Pourquoi les citoyens rejettent-ils les experts ?

PARIS – Au moment où les Britanniques se sont rendus aux urnes, le 23 juin, pour décider de l’avenir de leur pays au sein ou en dehors de l’Union européenne, les arguments en faveur du maintien n’avaient pas manqué. Nombre de dirigeants étrangers et d’autorités morales avaient fait part, sans la moindre ambiguïté, de leur inquiétude quant aux conséquences d’une sortie, et les économistes, dans leur écrasante majorité, avaient averti du coût consécutif à un départ.

Mais ces avertissements ont été ignorés. Un sondage d’opinion, réalisé par YouGov avant le référendum explique pourquoi : les électeurs du « Leave » n’accordaient plus aucune confiance aux « donneurs d’avis ». Ils ne voulaient plus s’en remettre au jugement des responsables politiques, des professeurs, des journalistes, des représentants d’organisations internationales ou de think tanks. Comme l’a affirmé sans ambages l’un des principaux animateurs de la campagne du « Leave », le ministre de la Justice Michael Gove, qui brigue désormais la succession de David Cameron au poste de Premier ministre : « Les gens dans ce pays en ont assez des experts. »

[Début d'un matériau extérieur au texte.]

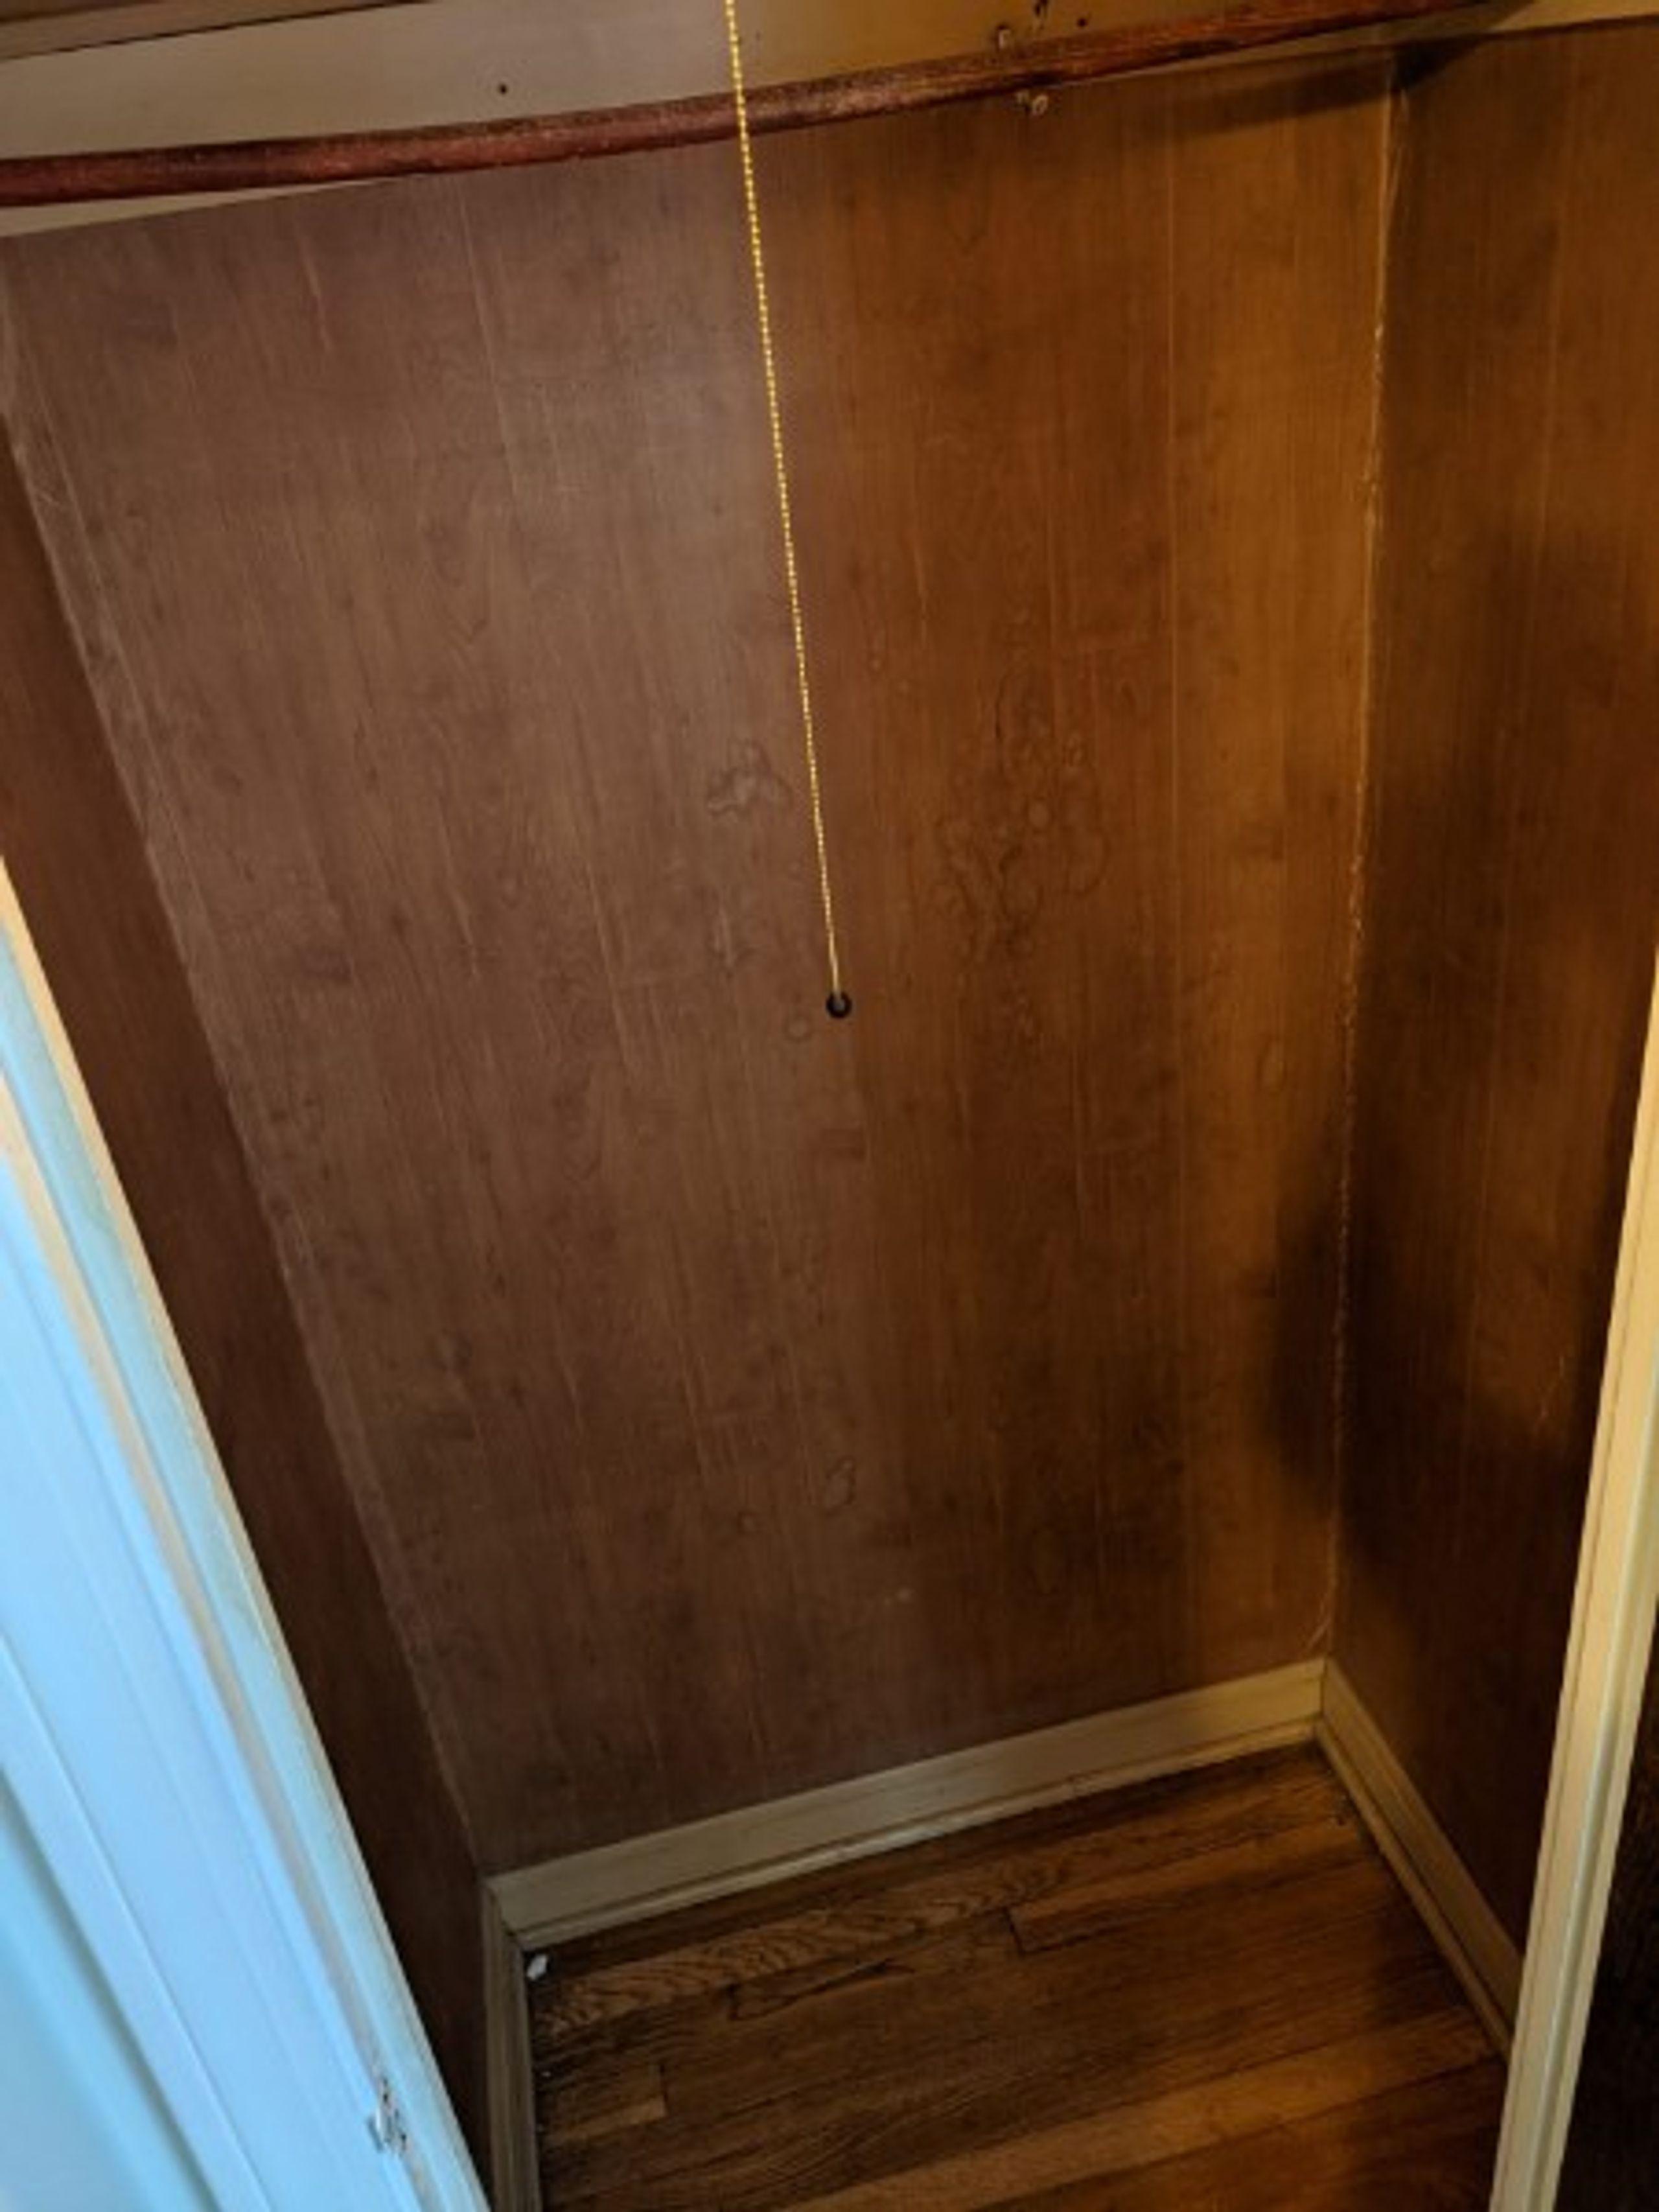 3x2 Closet self storage unit
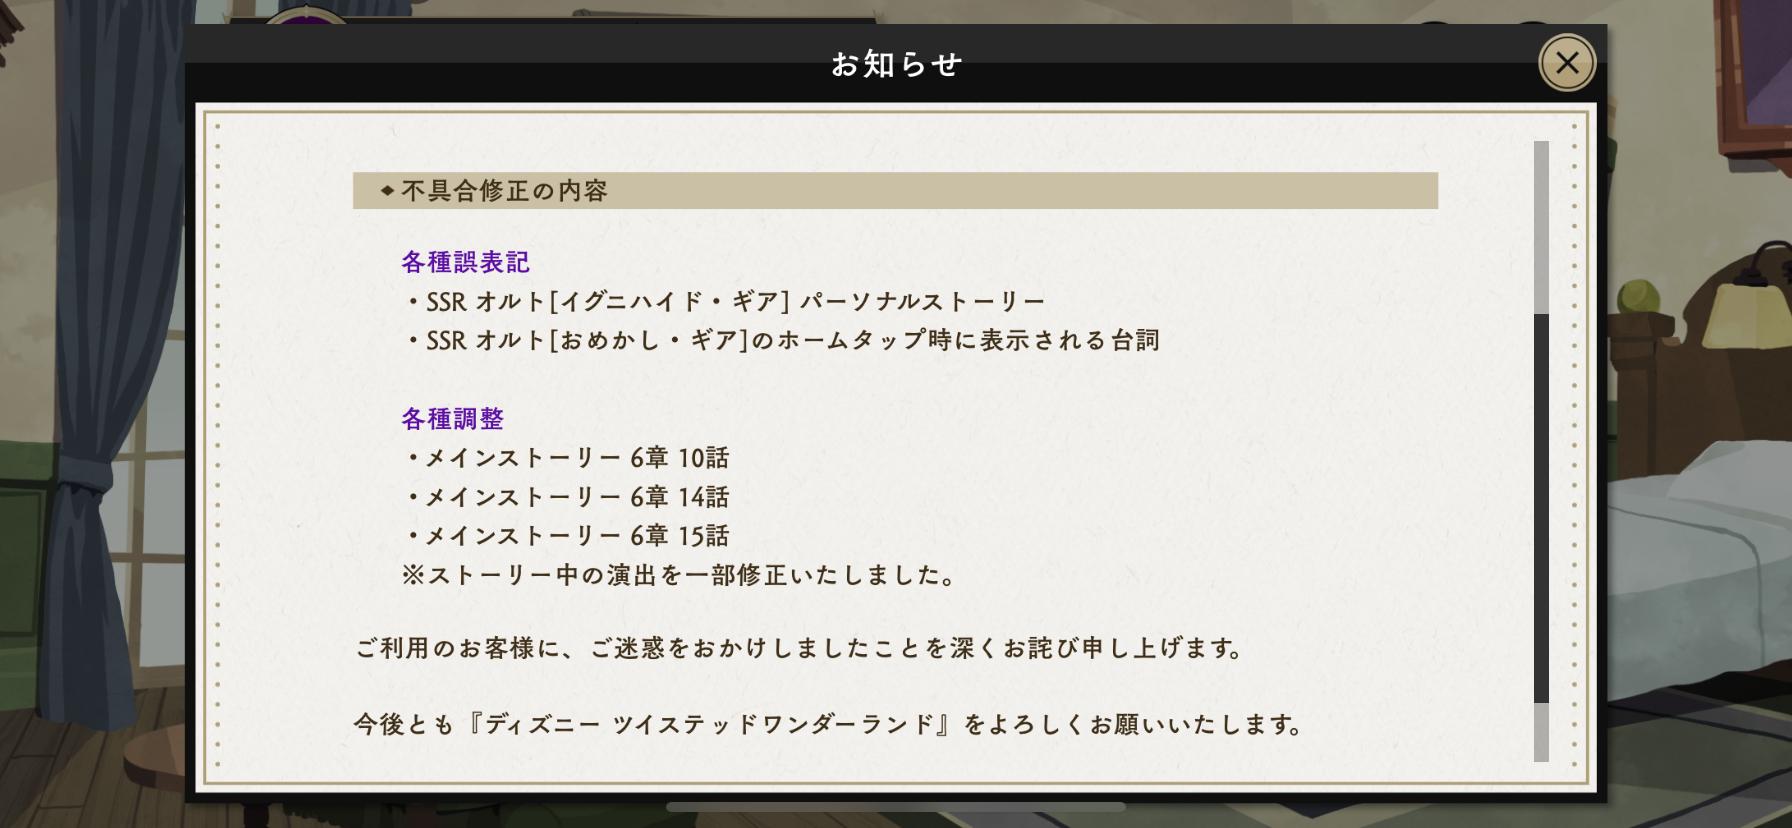 f:id:motimoti444:20210901215147p:plain

Il est tentant de ramener cette attitude à un triomphe des passions sur la rationalité. Mais la situation au Royaume-Uni a des échos étrangement familiers : les électeurs républicains, aux États-Unis, ont désigné Donald Trump, au grand dam des commentateurs, comme candidat de leur parti à l’élection présidentielle ; en France, Marine Le Pen ne suscite guère la sympathie des experts, mais elle jouit d’un fort soutien populaire. Partout, un nombre non négligeable de citoyens se montrent hostiles aux spécialistes et autres « sachants ».

Pourquoi cette colère contre ceux qui représentent la connaissance et l’expertise ? La première explication tient à la piètre estime des électeurs pour ceux qui n’ont pas été capables de les mettre en garde contre le risque d’une crise financière en 2008. La reine Élisabeth II a exprimé ce que beaucoup ressentent lorsqu’elle demandé, à l’occasion d’une visite à la London School of Economics, en automne 2008, pourquoi personne n’avait rien vu venir. Les soupçons qui pèsent sur les économistes, présentés en 2010 par le film Inside Job comme captifs de l’industrie financière, sont loin d’avoir été levés. Les gens sont en colère contre ce qui leur semble une nouvelle trahison des clercs.

La plupart des économistes, sans parler des spécialistes des autres disciplines, ne voient là que de faux procès, car si très peu d’entre eux s’intéressent de près aux évolutions de la sphère financière, tous ont perdu dans l’affaire une part de leur crédibilité. Et comme personne ne plaide coupable pour les souffrances qui ont suivi la crise, la culpabilité est devenue collective.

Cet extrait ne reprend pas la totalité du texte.